__What the task requires__
Every line of the listing below is to be repeated exactly; the pictures stay out.

__Supplied material__
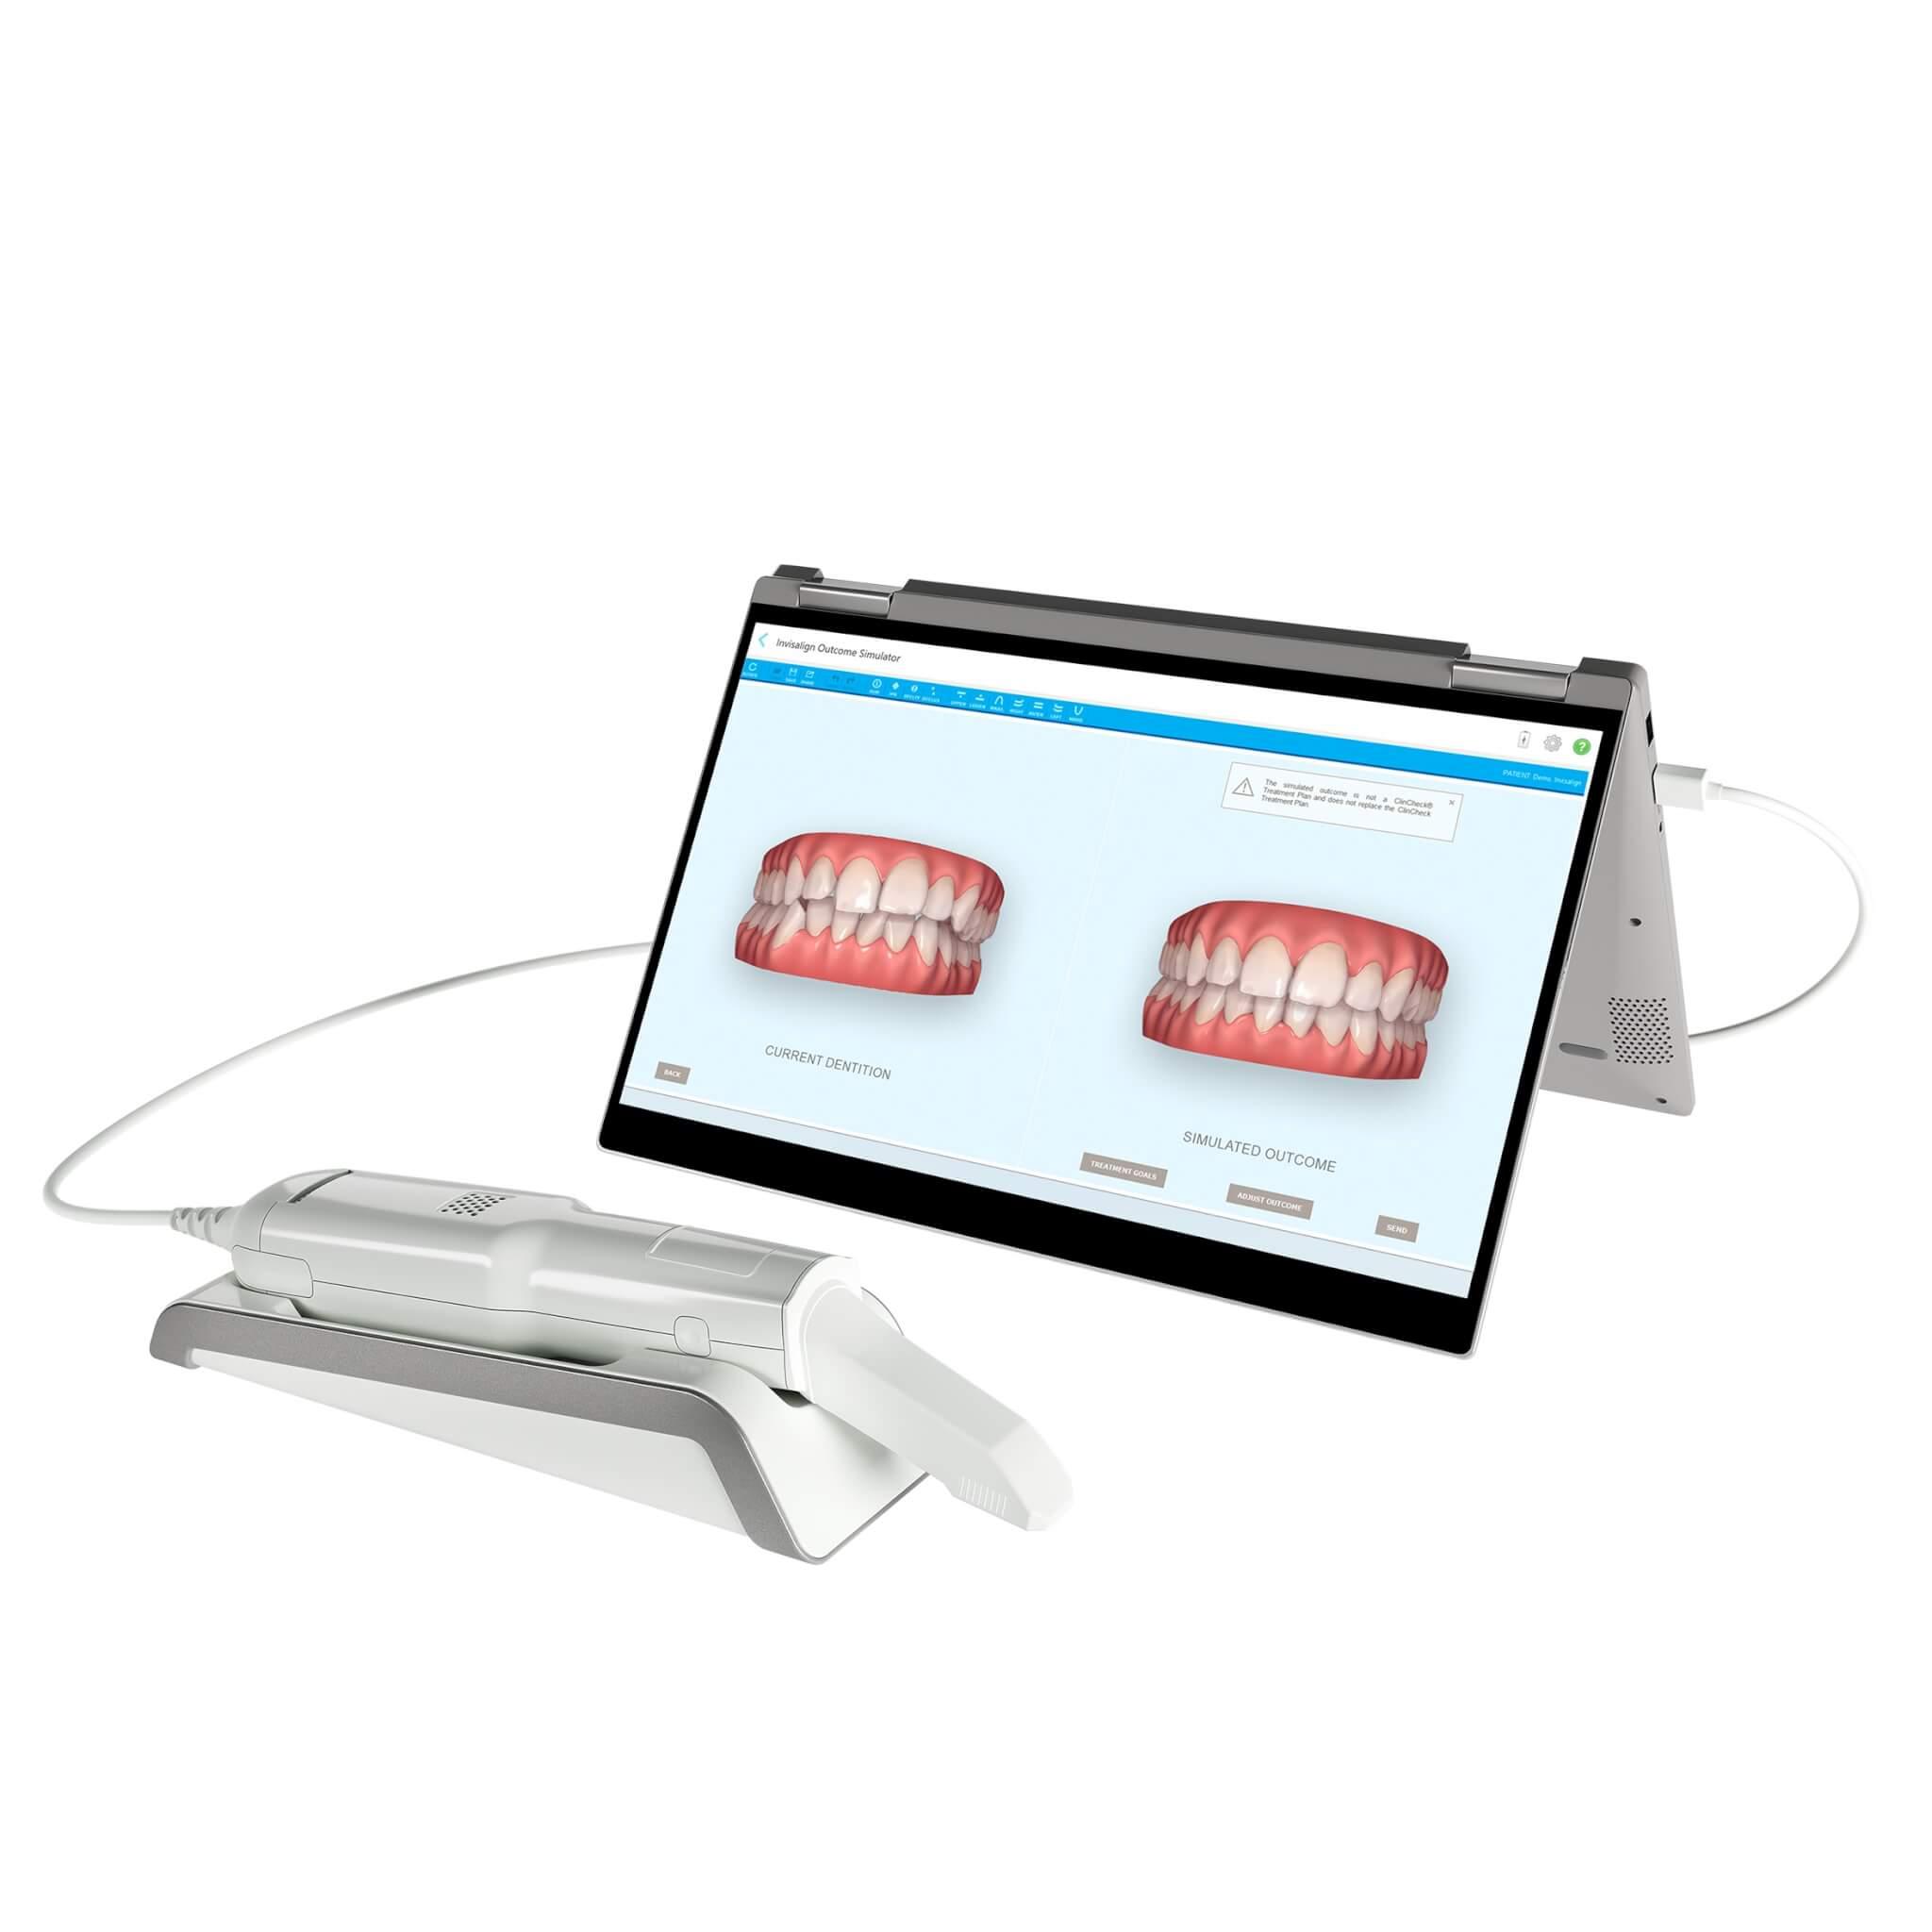 Kieferorthopäden in Essen Scan Simulation bei der Behandlung iTero ElementFlex
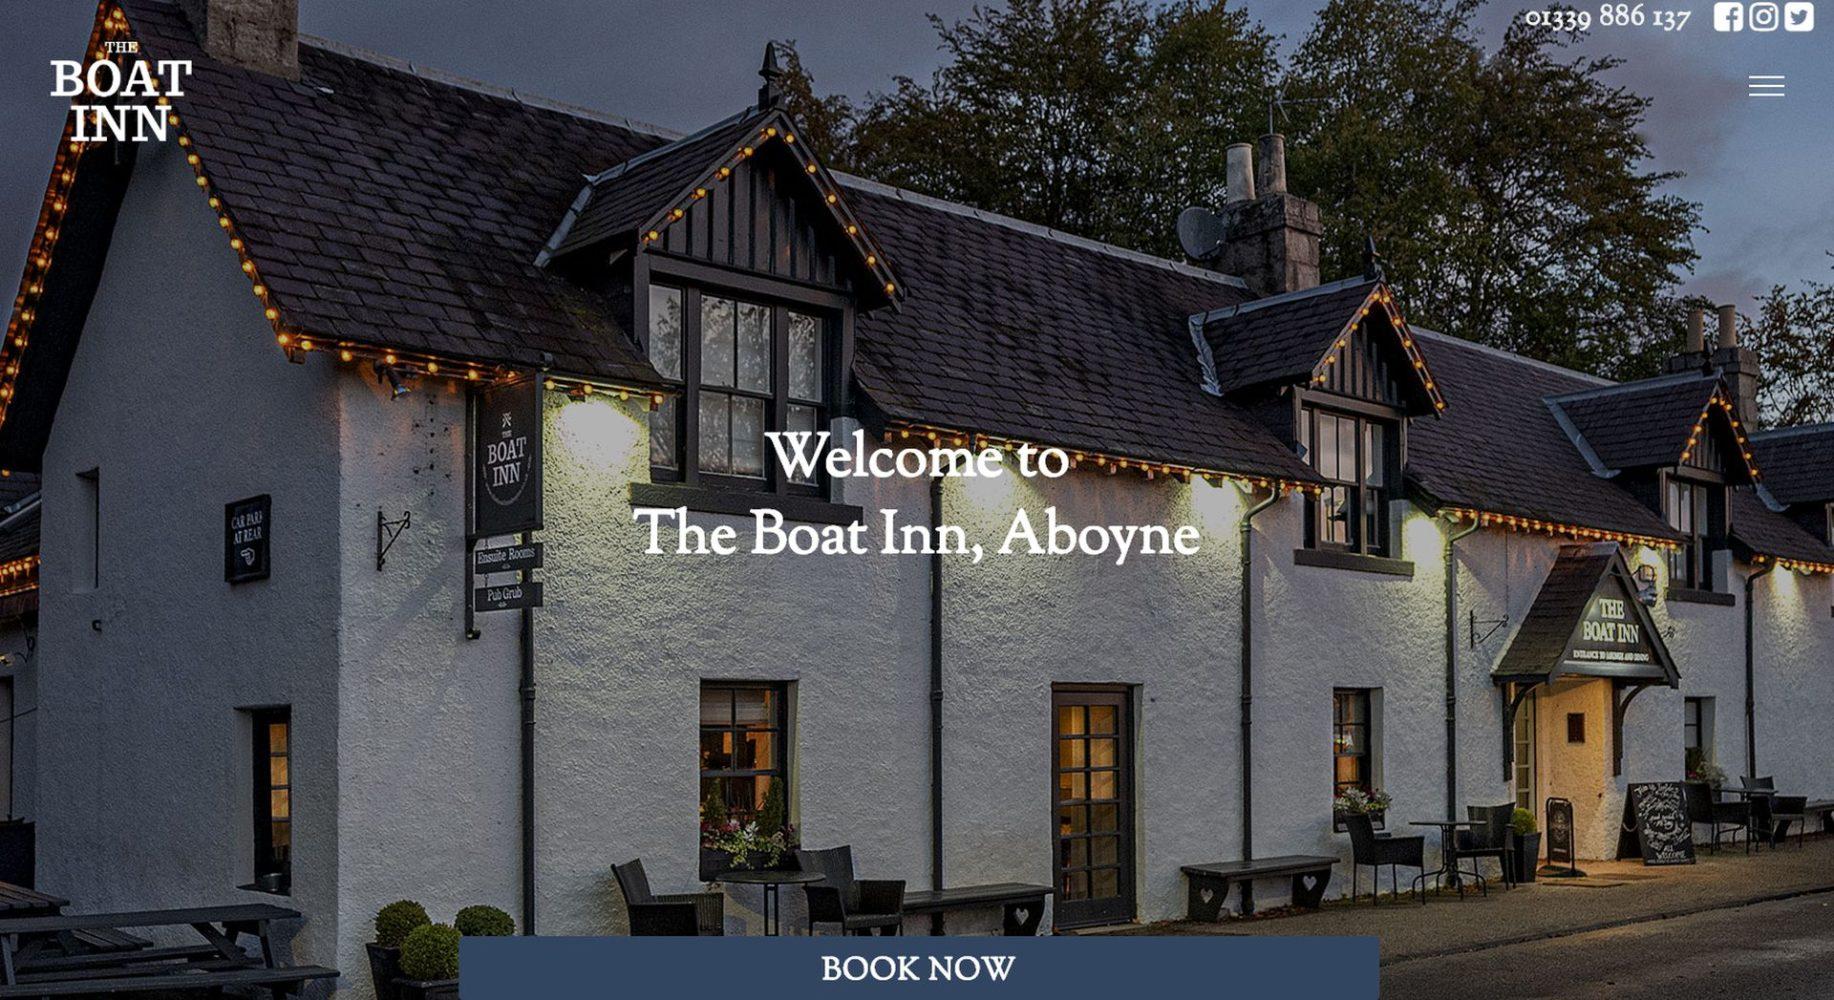 The Boat Inn Aboyne Homepage
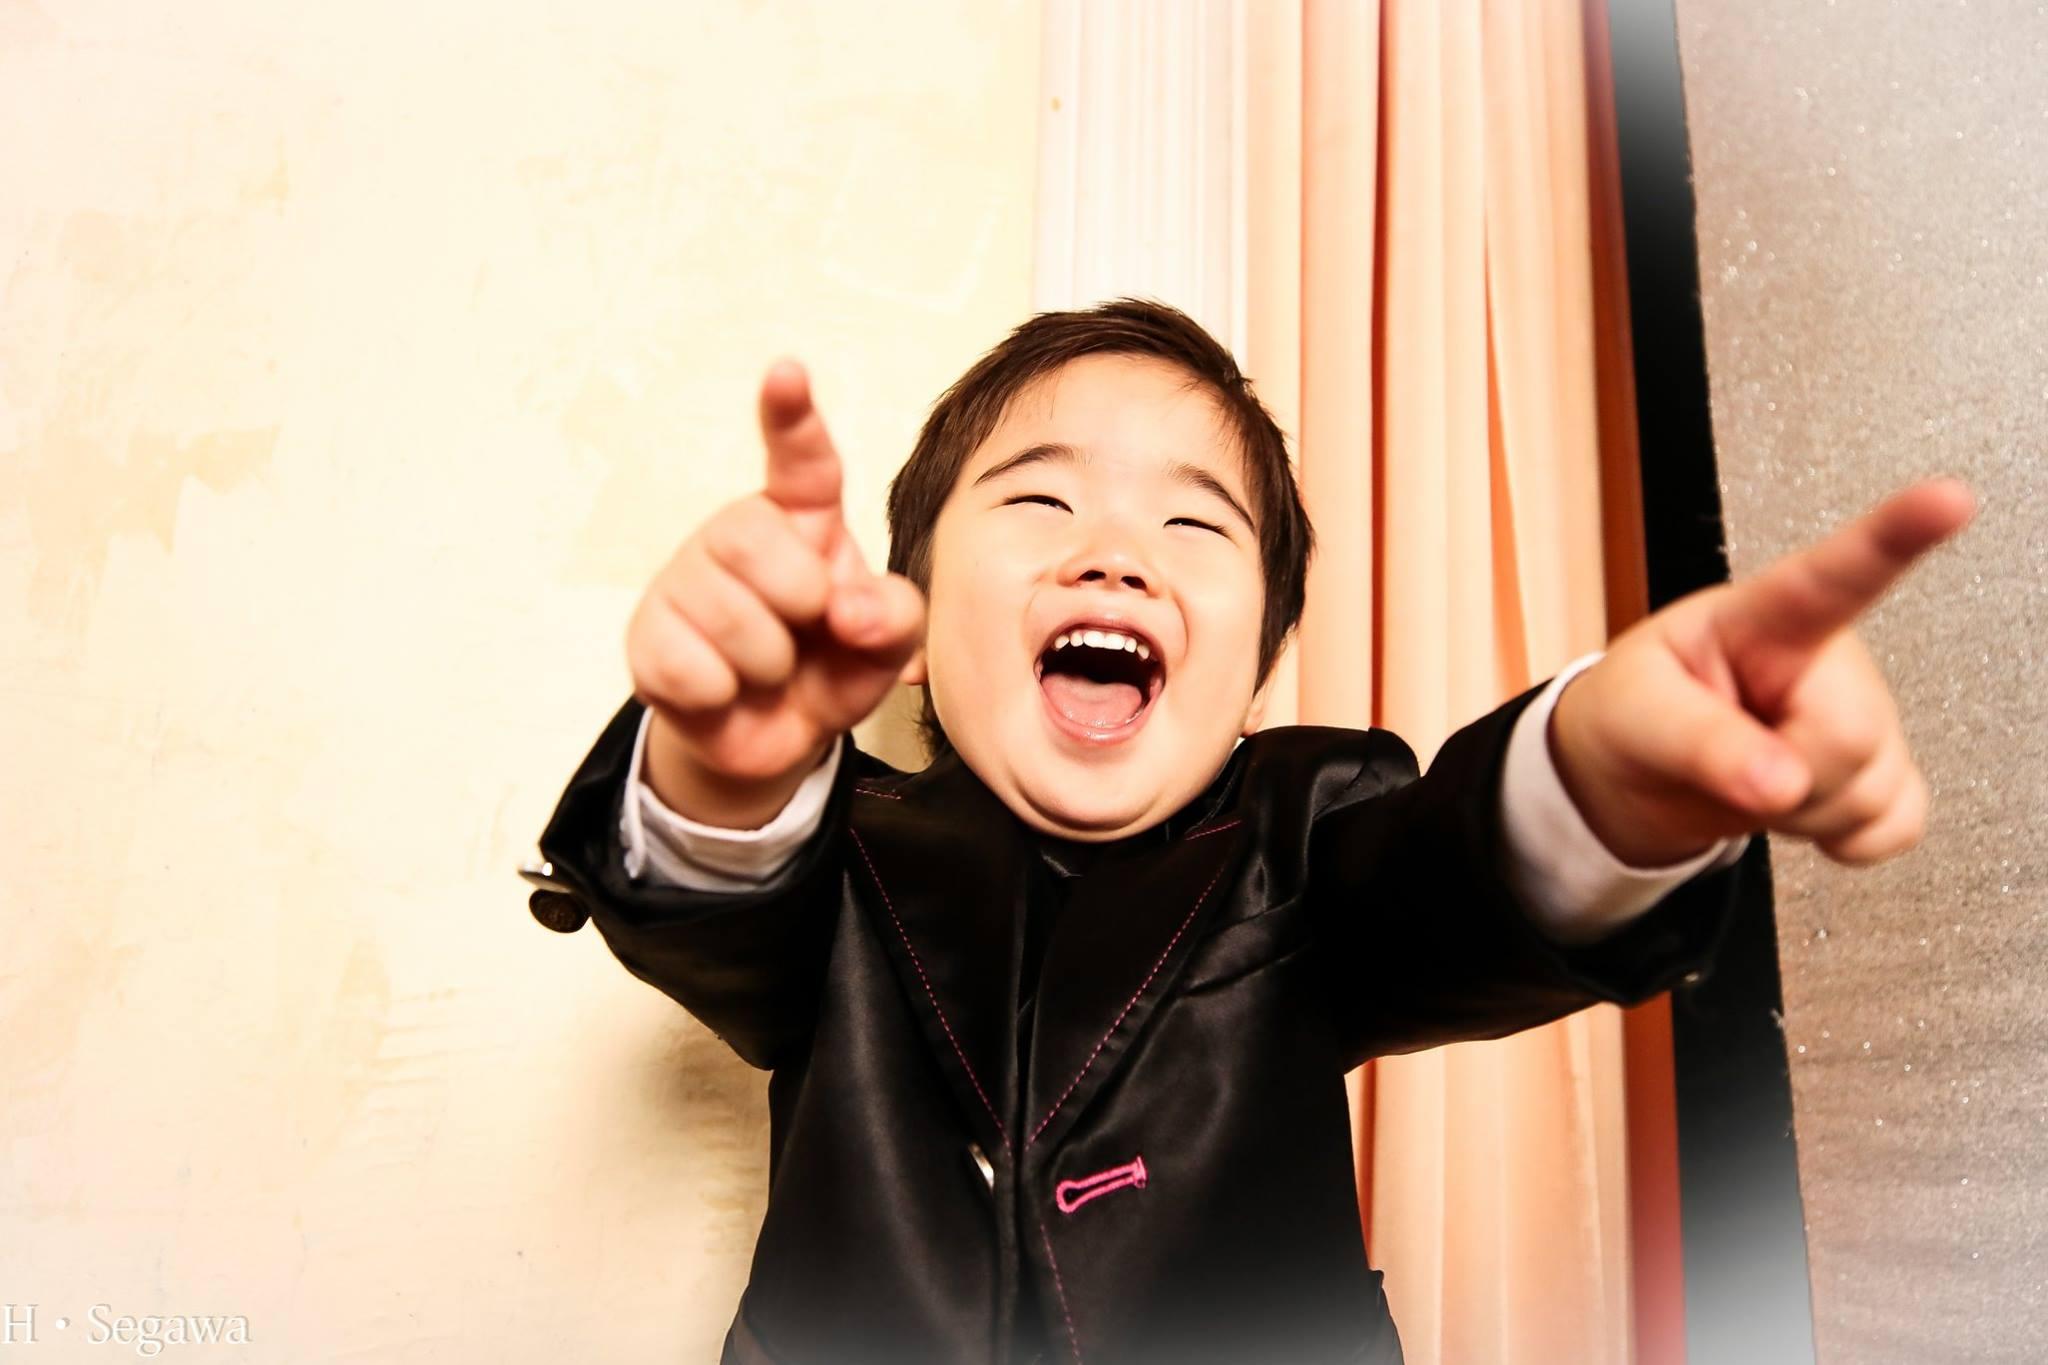 3歳イヤイヤ期でも笑顔の七五三写真を撮影する方法?vol.2

__Reply to the task__
 Kieferorthopäden in Essen Scan Simulation bei der Behandlung iTero ElementFlex
 The Boat Inn Aboyne Homepage
 3歳イヤイヤ期でも笑顔の七五三写真を撮影する方法?vol.2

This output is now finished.